Ezeh, Nwogwugwu and Ezindu (2020) extended the neoclassical growth theory in examining the effect of household electricity consumption on the standard of living. The study of the relationship was carried out using Nigerian data and the period covered extended from 1981 to 2017. In their work, standard of living was decomposed into poverty rate, income level, education level, and health care, with each proxy made to depend on electricity consumption, capital (measured using capital formation), labour (to which labour force was used as proxy), inflation rate, economic growth (index with real gross domestic product), population rate, and unemployment rate. The estimation of these relationship was conducted using the autoregressive distributed lag (ARDL) method and cointegration was based on the bounds test. They were able to show using bounds test that, an equilibrium condition that holds the interest variables (the regressors of electricity consumption, capital formation, labour force, inflation rate, real gross domestic product, population rate, and unemployment rate, and the explained variables of poverty rate, income level, education level, and health care) together in the long run exist. Their ARDL estimates show positive and significant relationship between electricity consumption and income of households; increased utilization of electricity significantly improves health of households; and electricity consumption had significant positive effect on poverty. Also, they report that increased consumption of electricity significantly enhanced the education level of households.
Wu (2021) recognizing that women in developing countries are major undertakers of cooking and may be vulnerable to household air pollution resulting from the combustion of solid fuel, investigated the effect of household fuel switching on the health status of women in China. To achieve this objective, longitudinal data from China Family Panel Studies in 2014 and 2018 was employed and the data was trimmed from 16,000 households to 5,180 samples from 25 provinces in China. In the study, three health indicators were used and include self-ratings of health status, IADL and interviewer’s assessment of respondents’ health. In the panel model, other variables that may influence the health of the respondents were considered and these include household income, marriage status, age, whether the respondent smokes, have insurance, and the number of family members. The panel model which they specified was estimated using the fixed-effect method. It was revealed from analysis of respondents’ data that the reliance of households on solid fuels dropped from 50.40% to 37.20% and the share of households using non-solid fuels such as LPG/LNG and electricity rose from 48.67% to 62.10%. The estimates from the fixed-effect model shows household switching cooking fuel from solid fuel to clean fuel experience significantly improvement in women self-rated health and others-rated health.
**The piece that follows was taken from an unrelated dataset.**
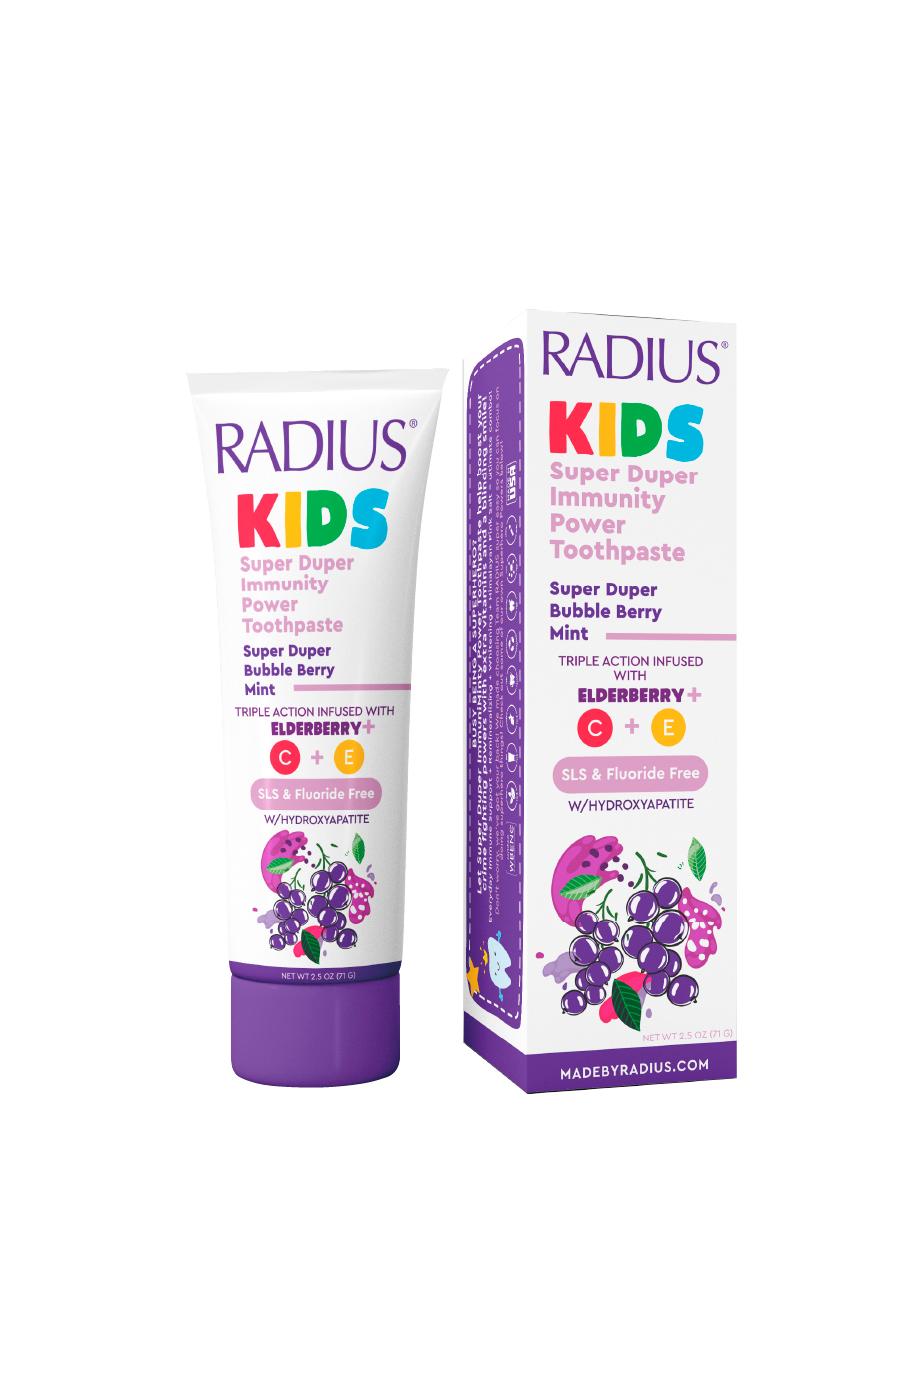 Radius Kids Immunity Power Toothpaste - Super Duper Bubble Berry Mint; image 3 of 3

The result implies that, the health risks women are exposed to when cooking with solid fuels are reduced when such solid fuel is substituted for cleaner fuel. It was noticed from the estimation that, switching cooking fuel does not influence the ability of women to cope with daily activities significantly. The result of this study was consistent with the energy ladder hypothesis as household income had significant positive effect on women’s health status. Consistent with theory, women’s age was found to be negatively related with the health status of women.
Sade, Mathew, Esther and George (2020) examined the interactive effect of energy consumption and poverty on life expectancy in Nigeria. They expressed life expectancy to depend on poverty, energy consumption, petroleum products consumption, exchange rate, health expenditure, oil revenue and inflationary rate. The investigation conducted covered the period from 1980 to 2017 and this was estimated using the autoregressive distributed lag (ARDL) method. They found using the bound test method that the variables used for the study have long run relationship among them. The long run result shows that there is energy poverty in Nigeria as the interactive effect of poverty and energy consumption on life expectancy was negative and significant. Other long run determinants of life expectancy identified in their study were oil revenue and real effective exchange rate. The study found poverty, health expenditure, petroleum products consumption, dependency ratio, energy consumption, inflation rate and corruption to be short run determinants of life expectancy.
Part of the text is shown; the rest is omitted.